韓岡的態度在這一句話中表露無遺,既然如此,當然要利用。時不時鬧上一鬧,每一次就都會有好處。乖巧如沈括、黃裳,就只有累死的份。就是因為他們不會鬧。
他呂嘉問不是兩位宰相放出去咬人的狗,他可以為都堂勞心勞力,但他要得到相應的待遇,得到應有的尊重,如果得不到,自然也就當鬧一鬧了。
馬車停在了御史臺中,呂嘉問回到他暫時存身的公廳中。敲了敲桌上的小銅鐘,他喚人進來,“楊弘方的案子,給我盯緊了,但不許拷問,只關著就好。”
呂嘉問靠上寬闊的交椅靠背,得意的瞇起眼睛。多虧了韓岡對朝堂穩定的追求,也讓他知道了手中這一點權柄的重要性。
手上的這一樁樁案子就是一道道階梯,將會為他鋪出一條道路,讓他得以回到他在都堂的舊公廳。

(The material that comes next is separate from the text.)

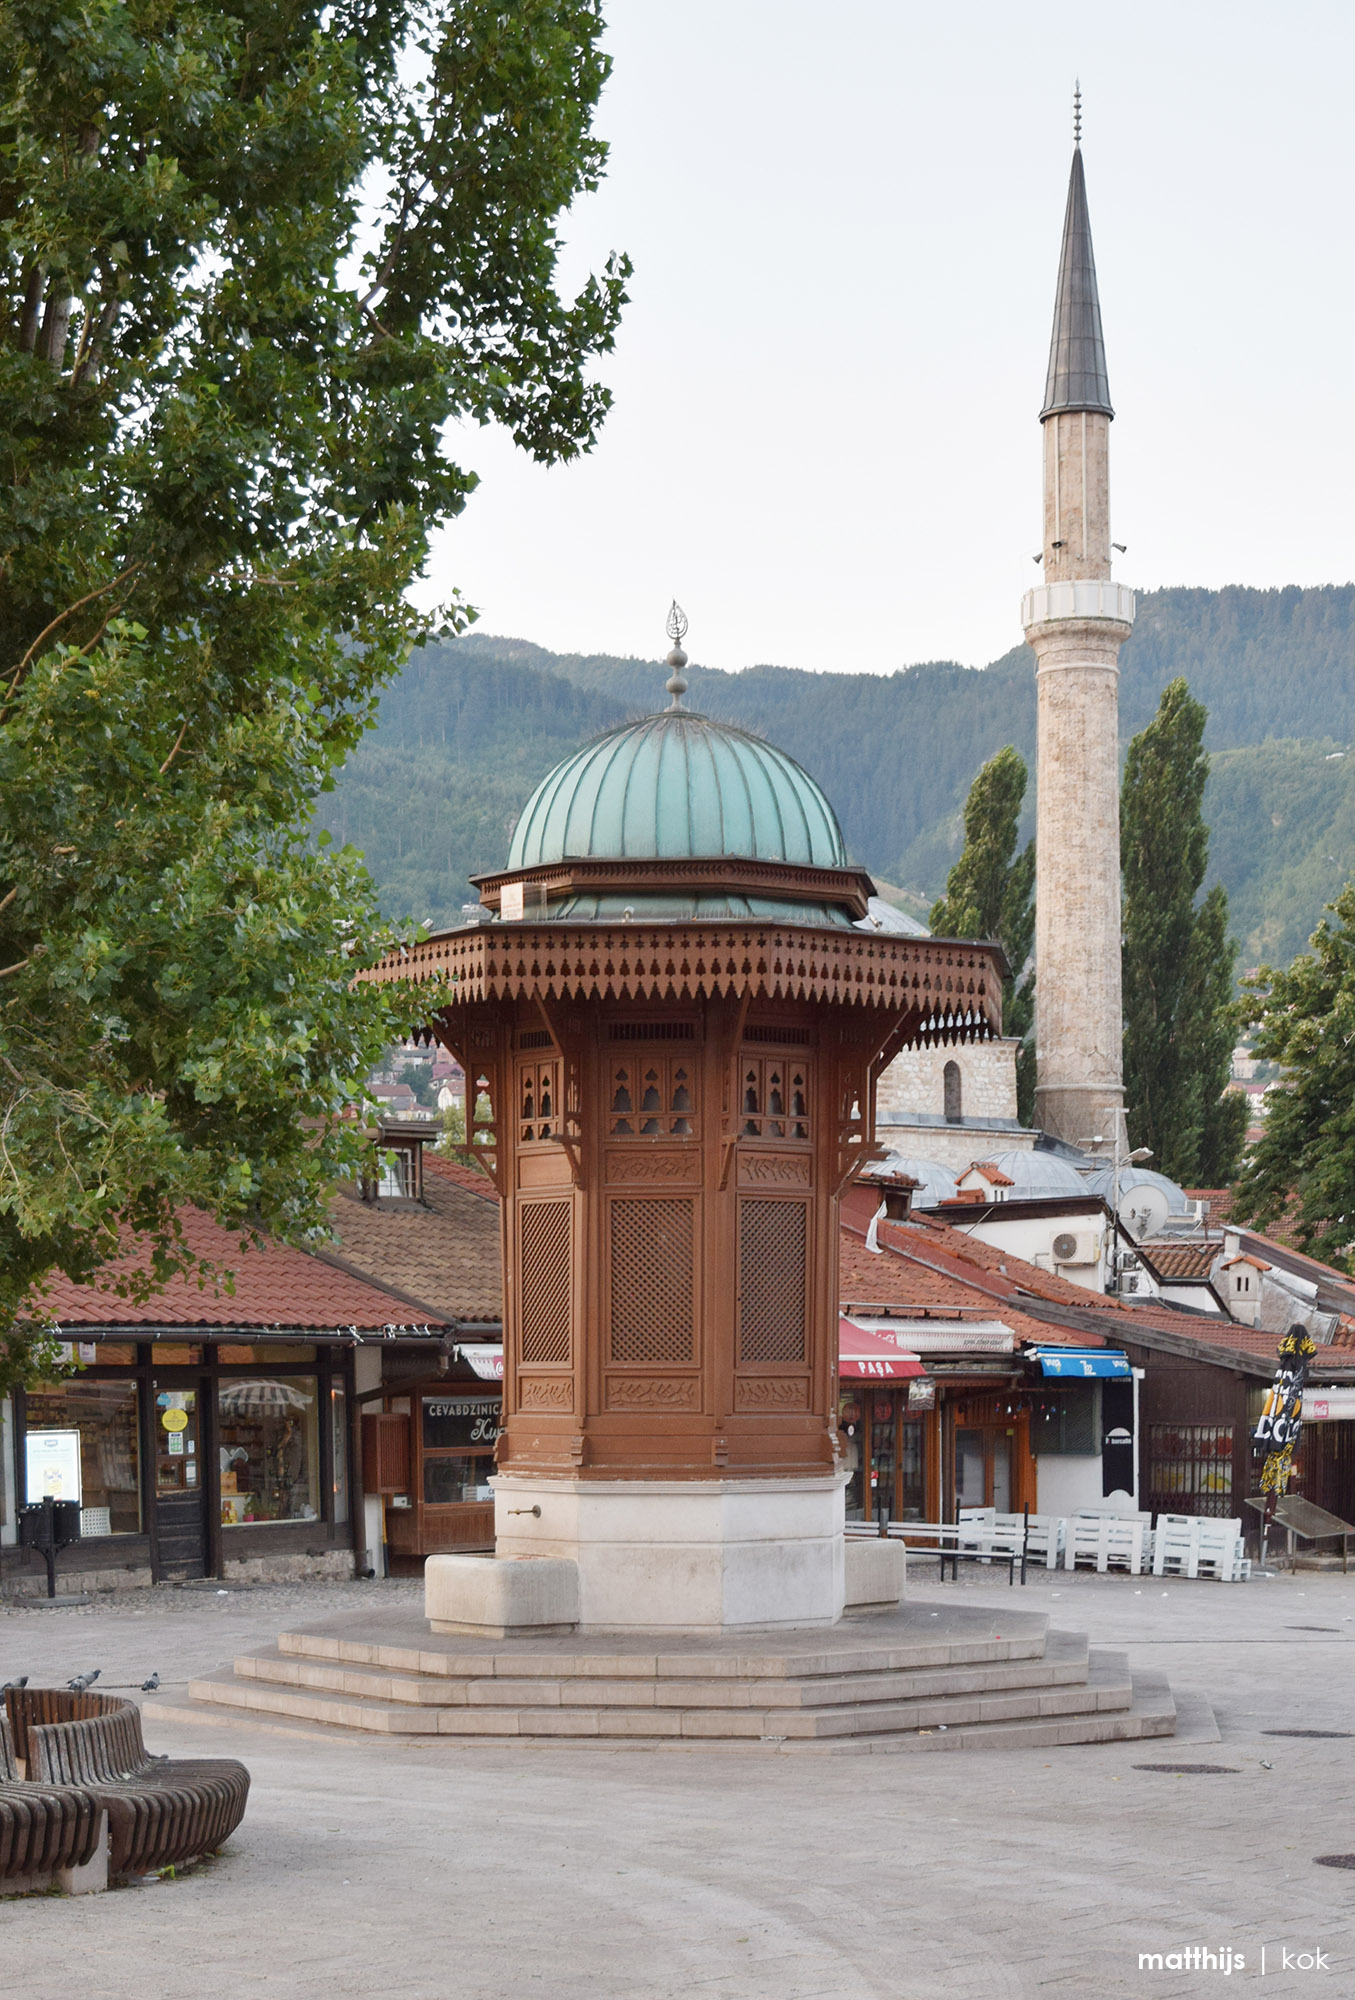 Baščaršija, Sarajevo, Bosnia & Herzegovina | Photo by Matthijs Kok

不,不應僅此而已,韓岡的年齡是他所有敵人最大的危險,但是,他的性格,他舊日的諾言,也是最好的機會。
自己手中的這點權柄,或許會比想象中的還要重要。
至少,應該說服章惇認同這一點。
“樞密!”是剛剛派出去傳話的人的聲音。
來去還挺快,說不定就是跑著走的,呂嘉問很喜歡把自己的吩咐放在心上的手下。
“進來。”他愉快的說著。
……………………
砰。
游師雄的公廳內一聲巨響,門外的書辦不知發生了什么事,忙推門進來。
他看見來訪的黃裳臉色鐵青,游師雄面色也同樣難看,心里想問的話,全都煙消云散,人也愣在了門口。
游師雄回頭看了一眼,一聲呵斥,“出去!”
書辦如蒙大赦,忙滾著出去了。
黃裳和游師雄都陰沉著臉,聽說了今天都堂會議上發生的事情,兩人的反應都是一樣的憤然,甚至有隱隱的懼怕。
黃裳難以置信的搖頭,“相公竟就這么放過了!”
游師雄皺著眉,猜度著,“也許在相公看來也只是一件小事。為了區區一個小校,說不定會毀掉兩位相公的計劃,相公或許是權衡了過后,才隱忍下來。“
黃裳拍著桌子,“但至少要讓呂嘉問把人放了啊!八竿子打不著的親戚,就把人抓起來,這算什么!前面抓只黃鼠狼,后腳是不是就能把我抓了前面抓一個賣油的,回頭是不是就能抓你游師雄!”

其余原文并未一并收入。